I prefer the "wind blown" look...a little messy, not extremely tight or tidy and plenty of height/hair. That's just my _personal_ preference. I aim to cut above the eyes, just enough so they can see and not be bugged by hair getting in their eyes... and I do it at an angle to try and form almost a little visor, like on a baseball cap...sort of...not too cleaned up. So I just trim a little off each time. Sometimes I make a boo boo and cut too much off or too much from right above the eyes and I don't like that.






Here's a little bit closer up.



Now mind you, I'm no groomer and am probably doing something that's not quite right. But I save money this way and it's a bonding experience. lol. Matisse learns that his hair isn't the most important thing in the grand scheme of things and he learns to be casual in his outlook of life. :act-up:

Hopefully, more people will post pictures or you can look on the Internet and find one you like and show it to your groomer. Good luck.

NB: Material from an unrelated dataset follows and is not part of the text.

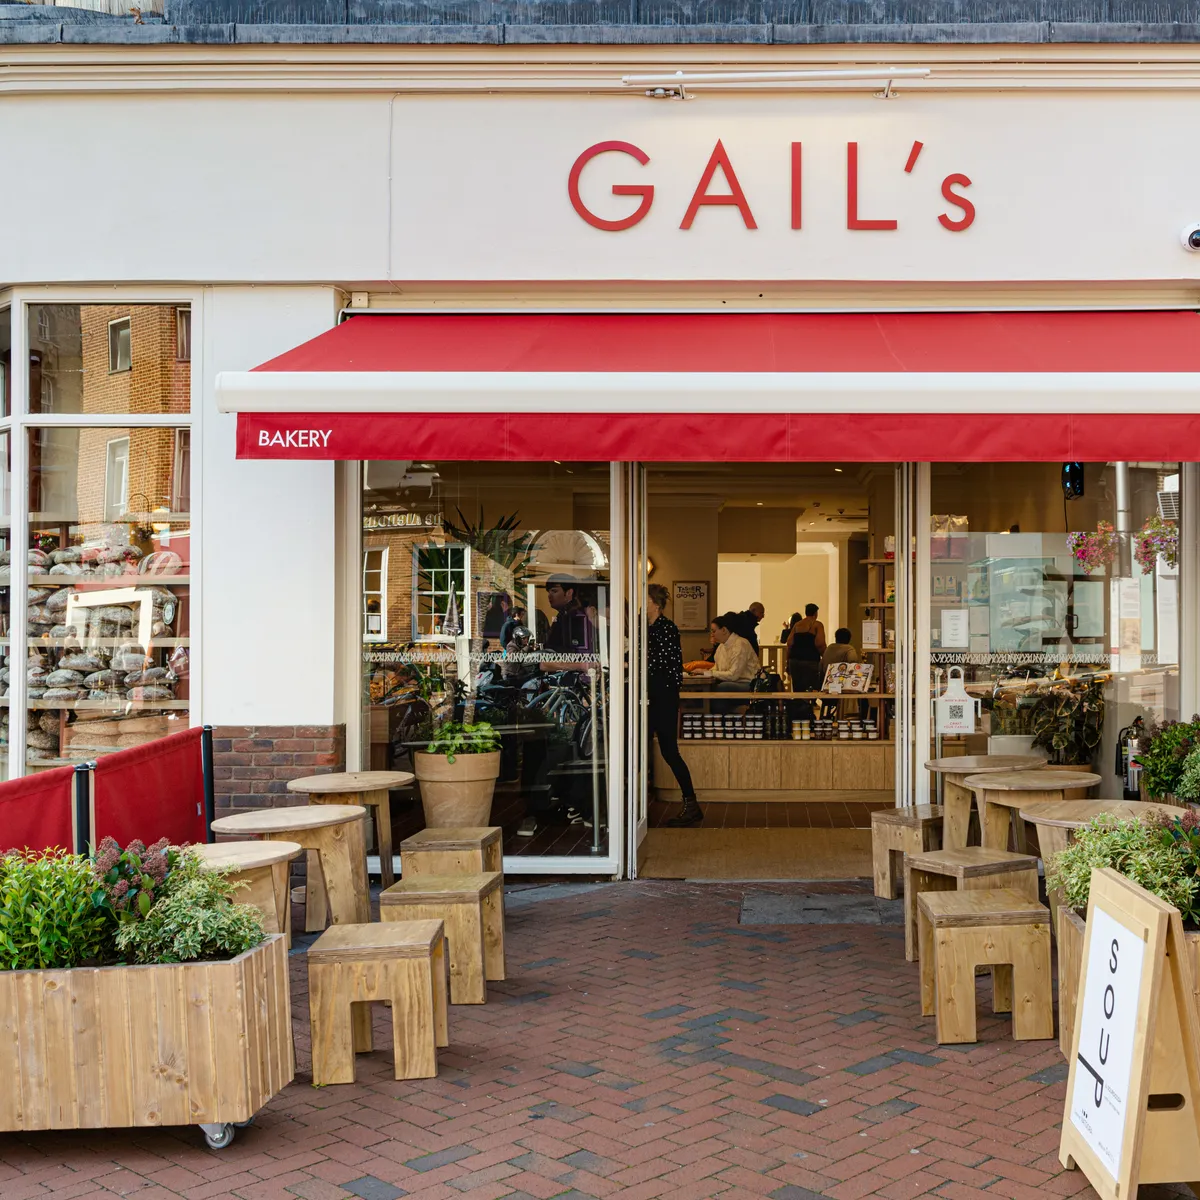 Gails, Reading - Bakery 1

Here's one of Maurice, as his siggy pic doesn't show it from the front. But of course, black dogs and photography don't go together very well...grrr.


----------



## glorybeecosta (Nov 11, 2014)

I go on line and search poodle hair cuts and pull photos of the body and close up of the tk. I do agree groomer here normally but the top knot to short, and they slant from the eyes back, which I hate. I want it straight up above the eyes. And take the photos to her. I have been cutting mine, but they are getting a Xmas cut, and I am growing Sage into a modified Continental, so I am worried. I taking a photo of the head and of a body of 2 different dogs


----------



## Mysticrealm (Jan 31, 2016)

Here are a couple top knots I have done if one of these suits your fancy (otherwise just tell them that you want to grow the top knot out and only trim hair if it's falling into the eyes)


----------



## Verve (Oct 31, 2016)

Think about and look for pictures of exactly what you like. I like a fairly narrow, box-like topknot as opposed to a round head with no ear cut-out or the "lightbulb" look. I like something of a visor in the front (topknot not too short in front) and a moderate crest on the neck. 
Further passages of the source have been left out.